Rayloveshiswife said:


> . If both spouses are committed and willing to admit and work to change their faults, real and lasting change is possible.
> _Posted via Mobile Device_


So simple, yet so profound. Congrats and thank you.


----------



## Mr The Other (Feb 1, 2014)

Just to add to the chorus of approval. 

It is also very decent that you note the mutual contribution. Too often there is false humility in a story of how someone saves their marriage and they are now better than you. This post however, really does have a true spirit of kindness and humility.


----------



## stanish73 (Jan 24, 2014)

just read this - i've posted how i'm fed up with my marriage and this certainly got me thinking.


----------



## Rayloveshiswife (Sep 25, 2013)

Xenote said:


> So since this all began with a forgetful birthday on her part....how was your birthday this year.


I'm really not much of a birthday person. If you remember it, get me a card and maybe a simple gift, I'm good. This year she walks up to me with a card and a bag of jolly rancher jelly beans. It's one of those blank cards you write what you want in. All it says is Follow Me. I look up and she's walking away. At that point I noticed that the her oversize comfy football jersey she was wearing, was all she was wearing. You can use your imagination as to what happened next. 
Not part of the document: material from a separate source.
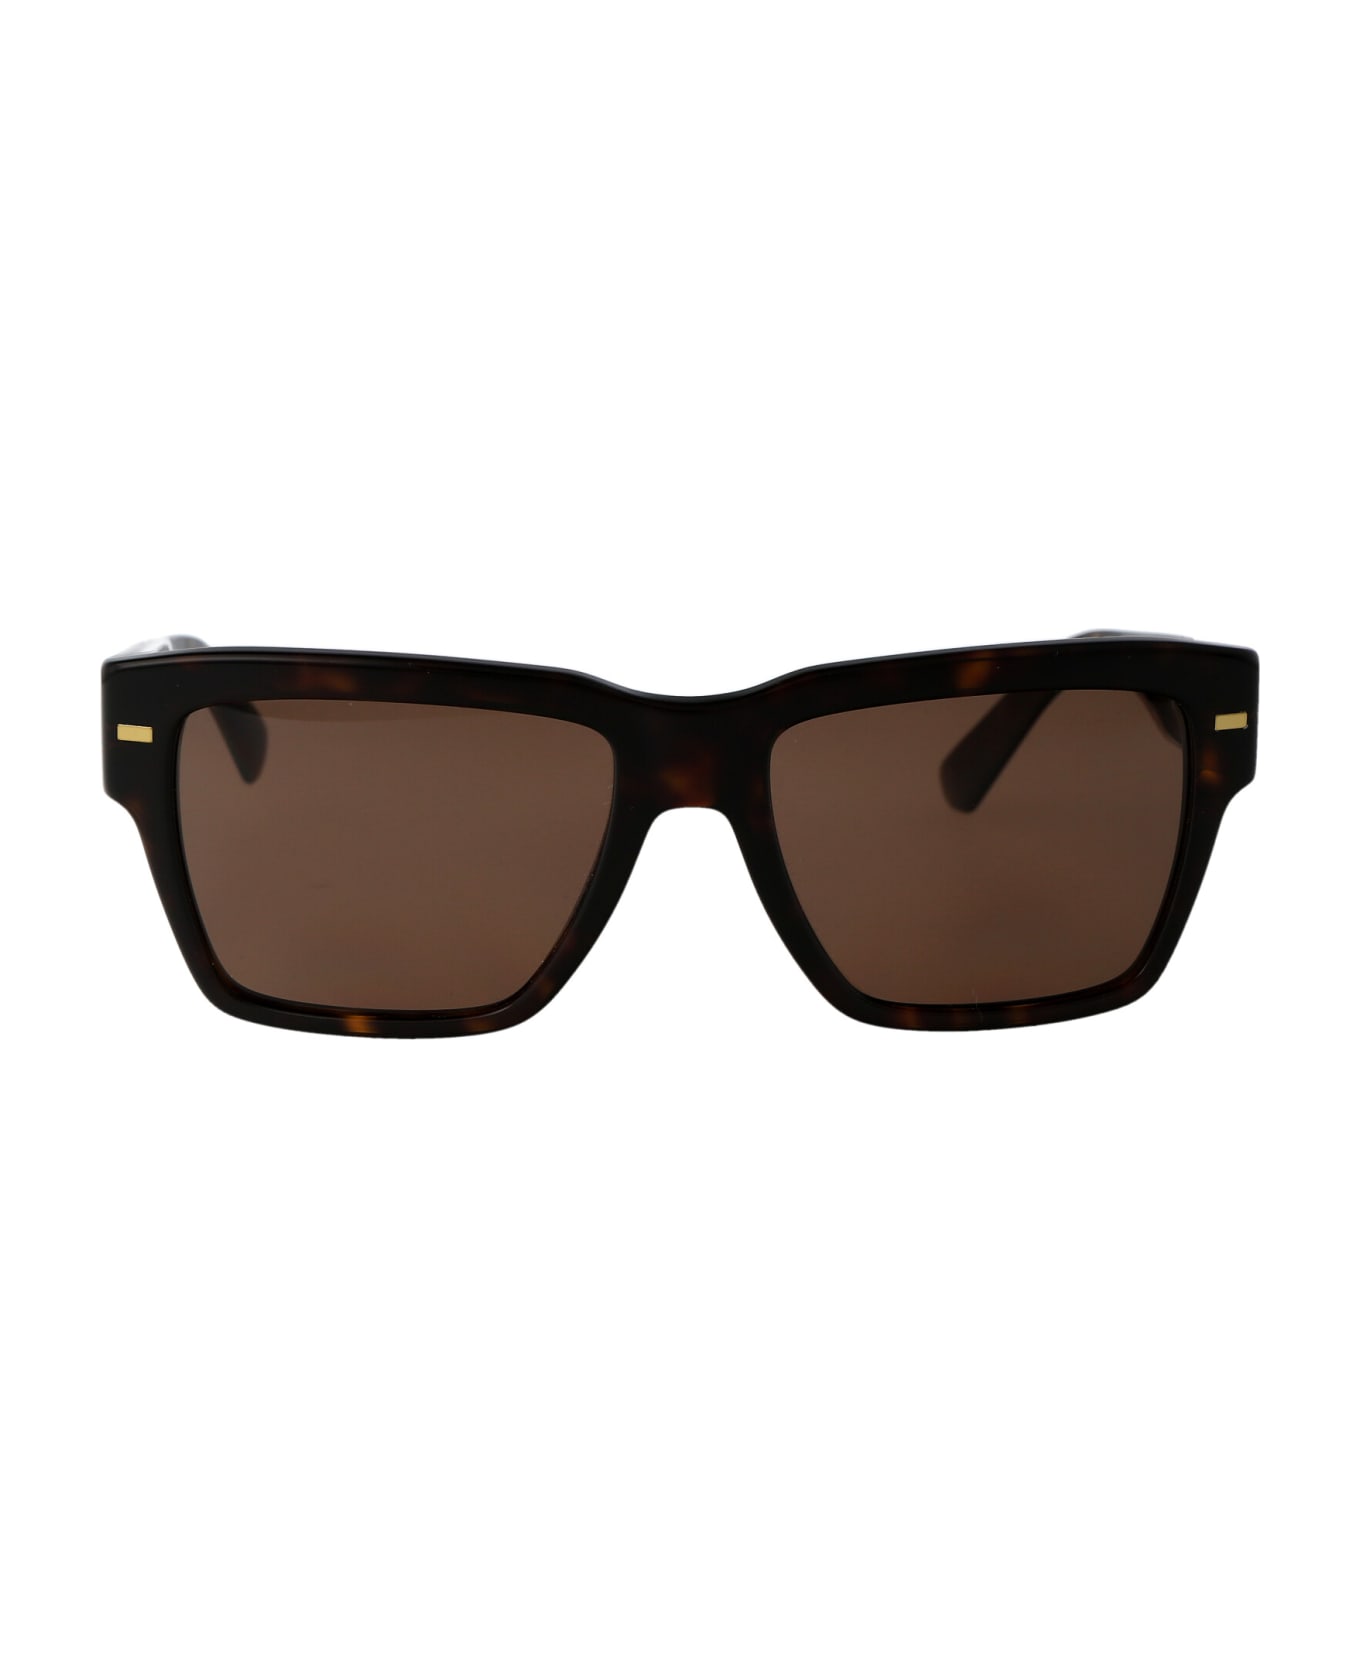 Dolce & Gabbana Eyewear 0dg4431 Sunglasses - 502/73 HAVANA サングラス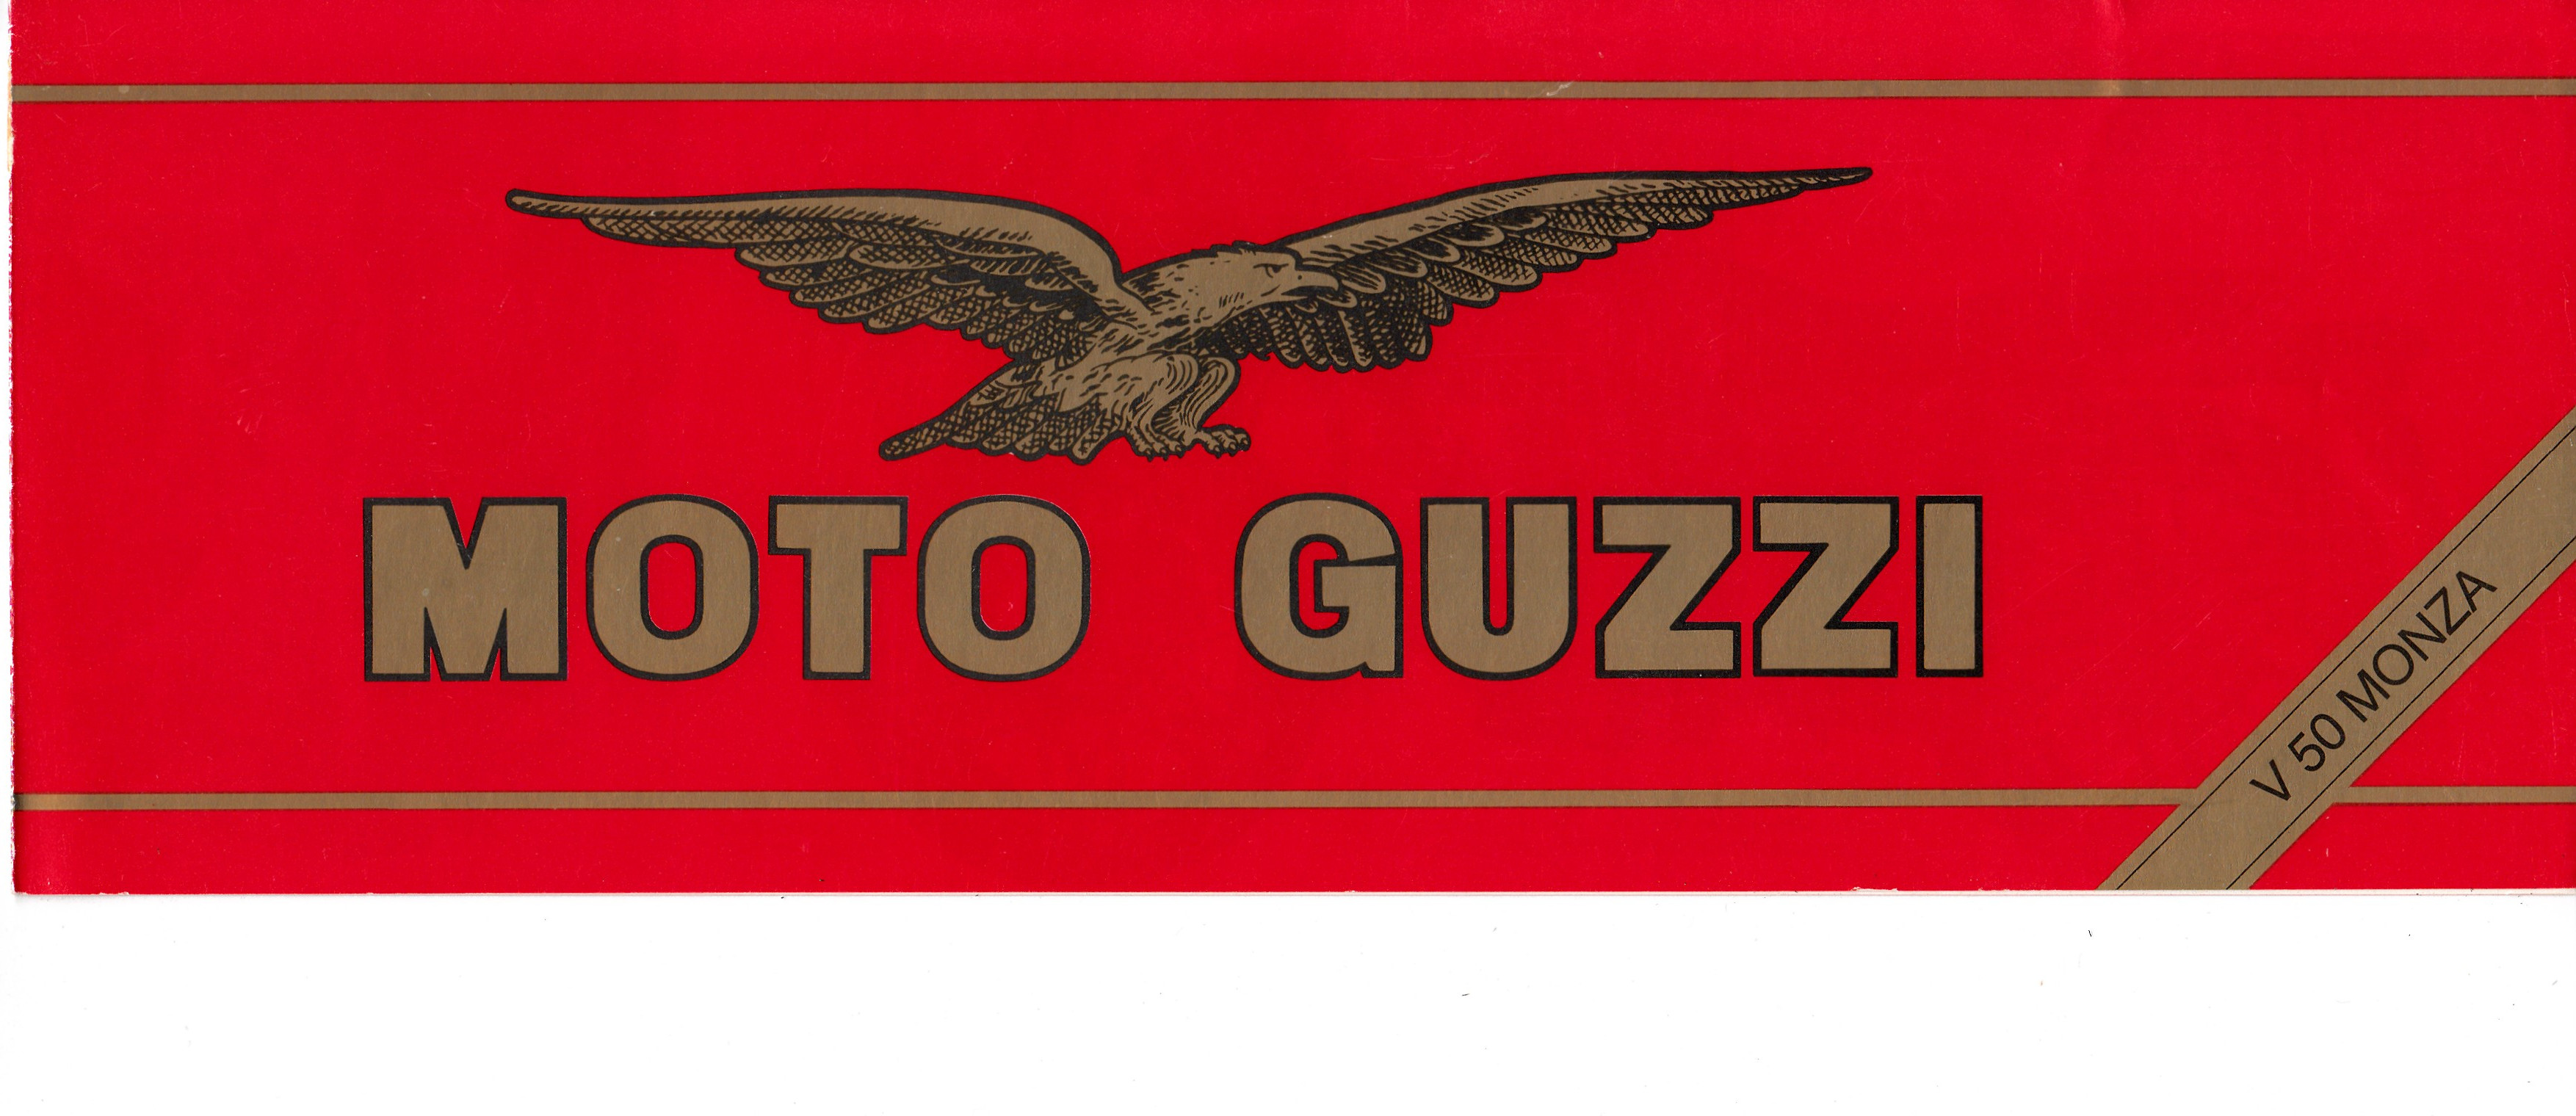 Brochure - Moto Guzzi V50 Monza (folded style brochure)

Thanks guys for all the nice comments. I truely believe this only happened because I stepped out and took the lead without even asking her follow. I used to have bad issues with porn and masterbation, was a control freak and had an anger management problem to boot. All of this is in the past now. Looking back I am truely ashamed of who I used to be. If you had told me a few years ago that in the future we'd be having sex several times a week or that I'd miss my wife when I'm gone overnight (im a truck driver), I would have told you your crazy, but all that and so much more is true. Hell, one year ago we had sex every 6-8 weeks and she rarely let me see her naked. Now if I kiss her juuuust right, her clothes practically fall off. Coolest trick I've ever seen. Don't get me worong, she's still much lower desire than me. But I know how to turn that desire on in a second. 

Here's a cool idea guys & gals that went over big with my wife. Send your wife/husband an invitation on face book to a sexy evening just for the two of you. In mine I described in detail all the things I wanted to do to her sexually. Don't you know she got home an hour early from work that day.
_Posted via Mobile Device_


----------



## heartsbeating (May 2, 2011)

I don't even want to know what happened with those jelly beans!


----------



## Rayloveshiswife (Sep 25, 2013)

heartsbeating said:


> I don't even want to know what happened with those jelly beans!


Lol, dude I'm not wasting jolly rancher jelly beans, those things are too hard to find. Besides, we've got other forms of entertainment. 

Ray
_Posted via Mobile Device_


----------



## devotion (Oct 8, 2012)

I'm pretty sure I had taken one of your earlier posts, Rayloveshiswife, and sent it to my girlfriend via email saying this guy really understands what we need to think about in our relationships. Reading your updates made me resend that post to her again, saying 'read this'. I especially agree about the comment about change. My girlfriend is willing to change, but almost too much so - she offers to change because I ask her to, not because she actually wants to. To make it stick, she has to either agree with me the change is necessary, or not do it. It goes both ways, she asks me to change and I can only make the change work if I agree she's right (and mostly she is). 

Anyway, also glad to hear a happy story.


----------